• **Task details**
Nothing outside the range is wanted. Repeat exactly the lines below from the one with "Gemeinde Peilstein im" through the one with "spesso Schede didattiche".

• **Recorded data**
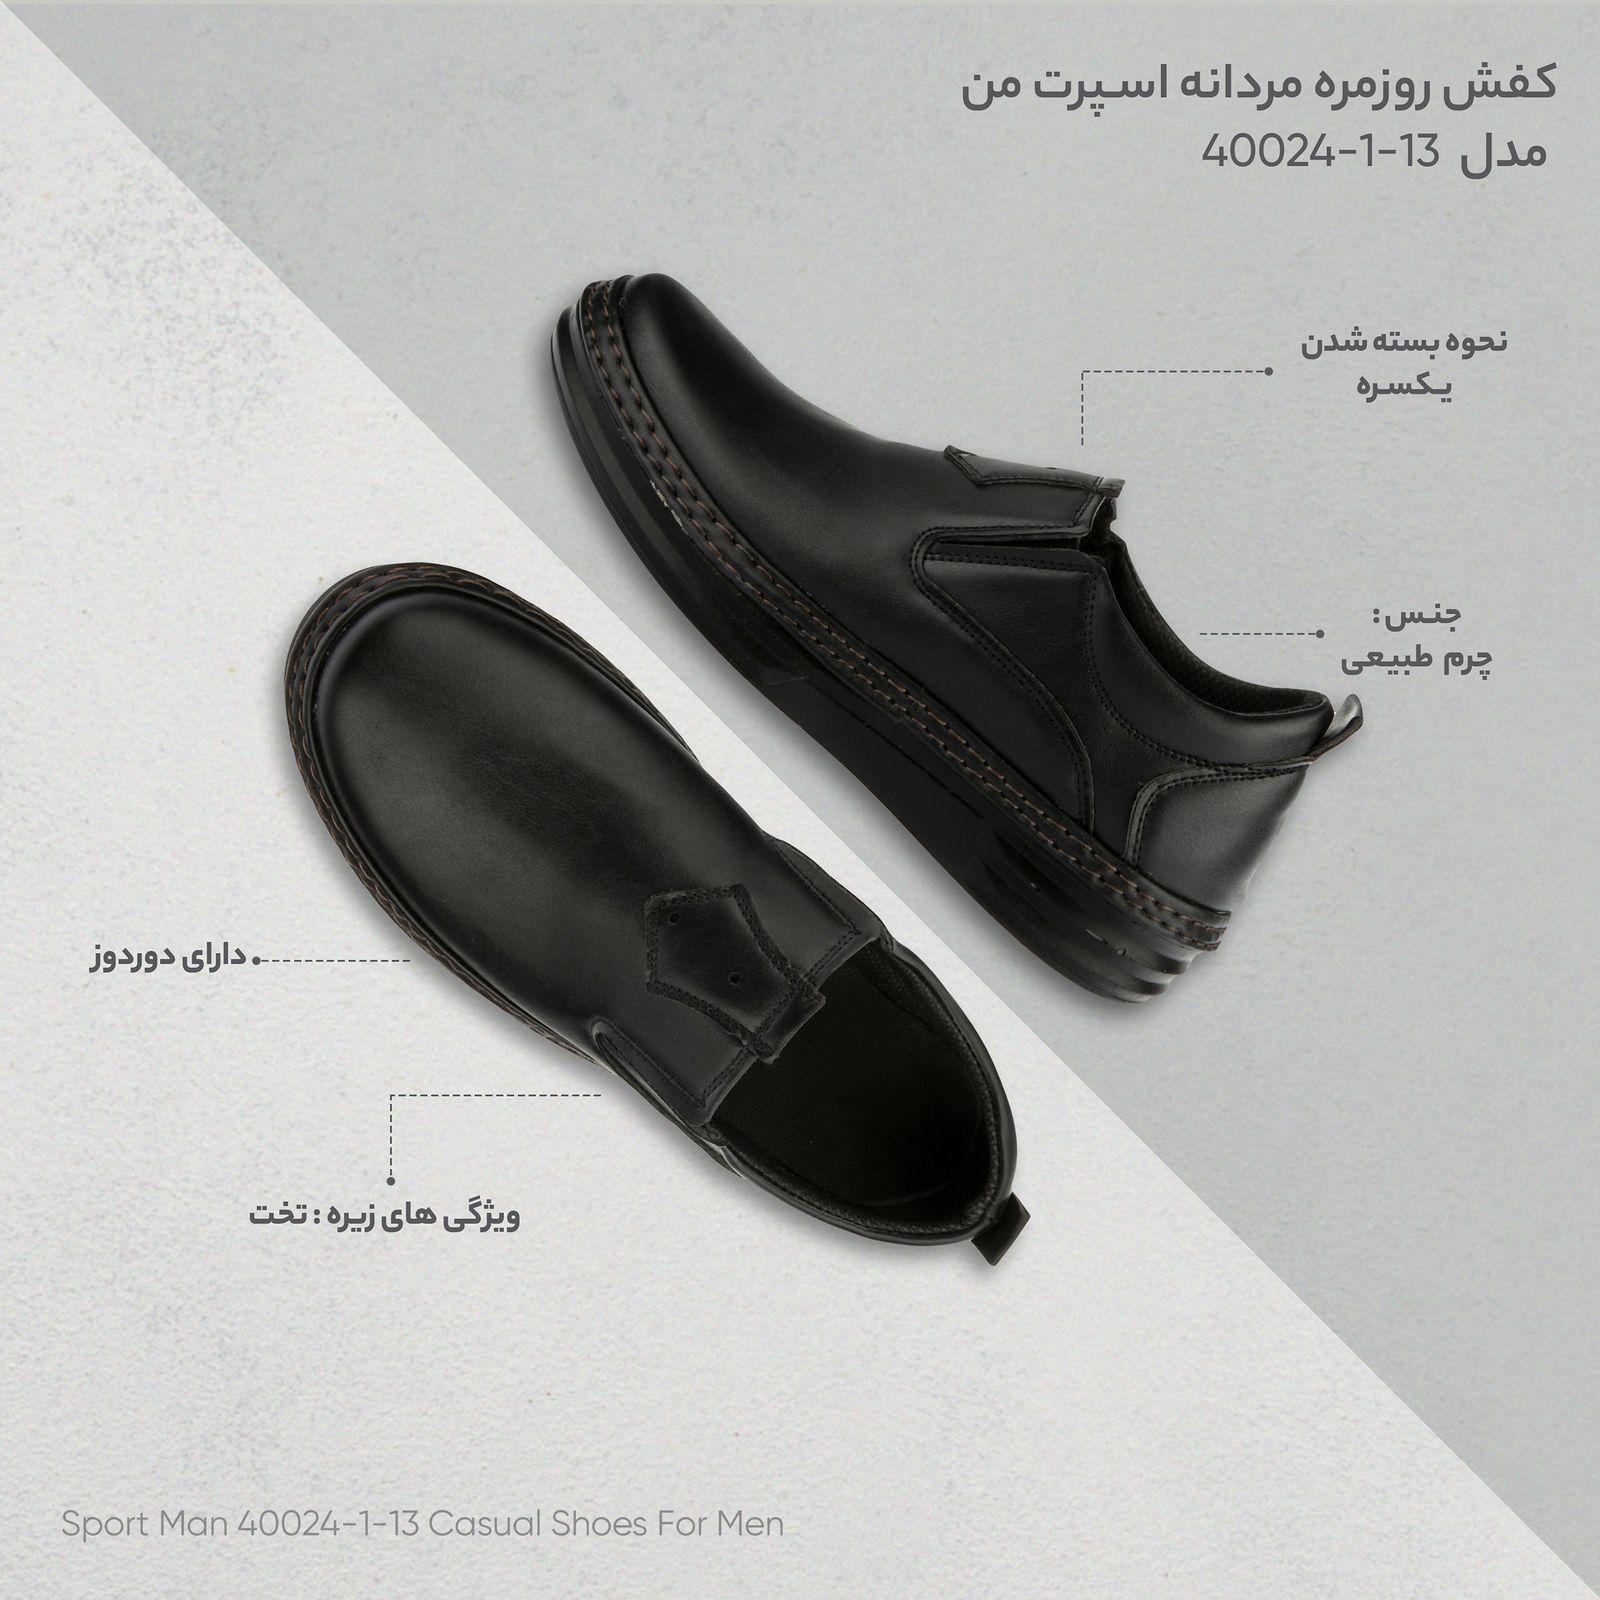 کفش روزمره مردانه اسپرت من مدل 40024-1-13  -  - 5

---

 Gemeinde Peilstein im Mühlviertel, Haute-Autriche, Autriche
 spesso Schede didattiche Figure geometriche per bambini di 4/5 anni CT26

• **Response box**
 Gemeinde Peilstein im Mühlviertel, Haute-Autriche, Autriche
 spesso Schede didattiche Figure geometriche per bambini di 4/5 anni CT26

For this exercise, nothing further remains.